🤖 AI Summary
In precision agriculture, frequent and accurate crop status monitoring remains costly and logistically constrained. To address this, we propose a measurement-fertilization co-optimization framework based on reinforcement learning (RL). Our approach explicitly models sensing actions as RL policy outputs and introduces an agricultural simulation environment with explicit measurement costs, integrating crop growth dynamics and a joint action space (sensing + fertilization). We employ a recurrent Proximal Policy Optimization (PPO) algorithm to learn cost-sensitive, selective sensing policies. Experiments demonstrate that our method reduces average measurement frequency by 38% while preserving 97.2% of the optimal profit.
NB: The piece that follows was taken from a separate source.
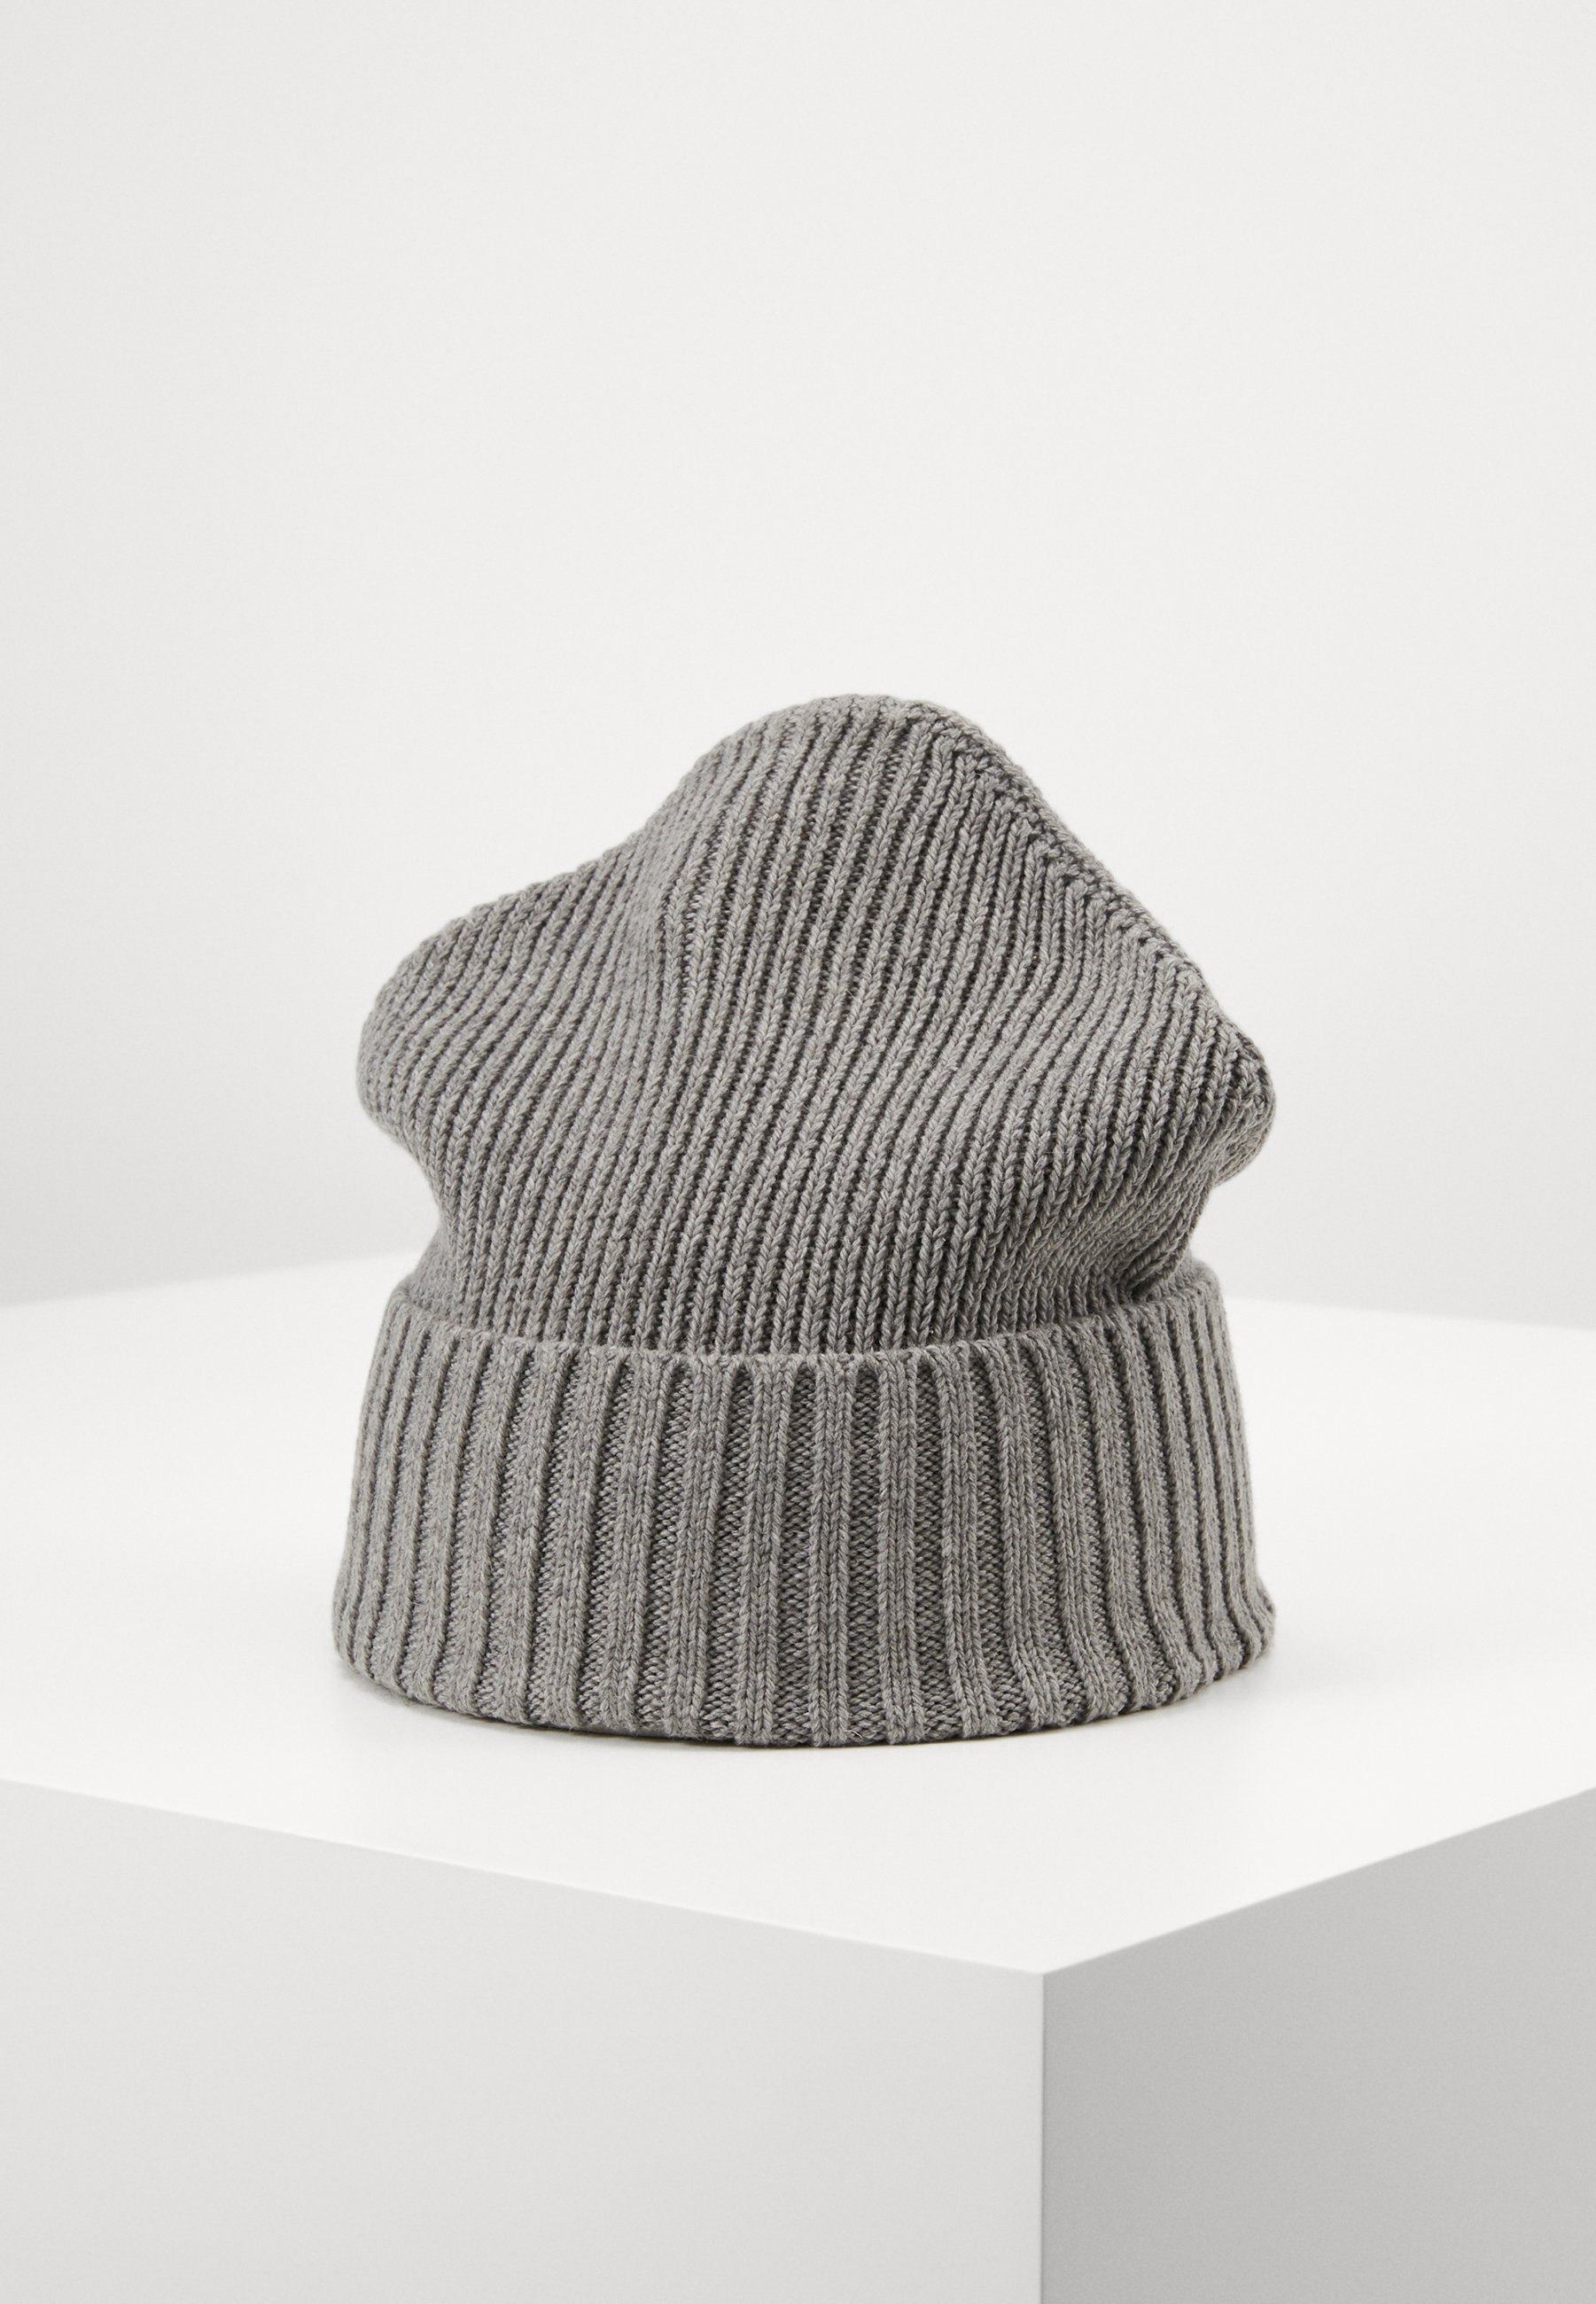 Bonnet grey

Crucially, the learned sensing decisions align closely with biologically critical crop growth stages—enhancing both interpretability and agronomic validity. This work represents the first successful integration of RL policy learning with domain-specific agronomic logic, bridging data-driven optimization and crop science principles.
📝 Abstract
Farmers rely on in-field observations to make well-informed crop management decisions to maximize profit and minimize adverse environmental impact. However, obtaining real-world crop state measurements is labor-intensive, time-consuming and expensive. In most cases, it is not feasible to gather crop state measurements before every decision moment. Moreover, in previous research pertaining to farm management optimization, these observations are often assumed to be readily available without any cost, which is unrealistic. Hence, enabling optimization without the need to have temporally complete crop state observations is important. An approach to that problem is to include measuring as part of decision making. As a solution, we apply reinforcement learning (RL) to recommend opportune moments to simultaneously measure crop features and apply nitrogen fertilizer. With realistic considerations, we design an RL environment with explicit crop feature measuring costs. While balancing costs, we find that an RL agent, trained with recurrent PPO, discovers adaptive measuring policies that follow critical crop development stages, with results aligned by what domain experts would consider a sensible approach. Our results highlight the importance of measuring when crop feature measurements are not readily available.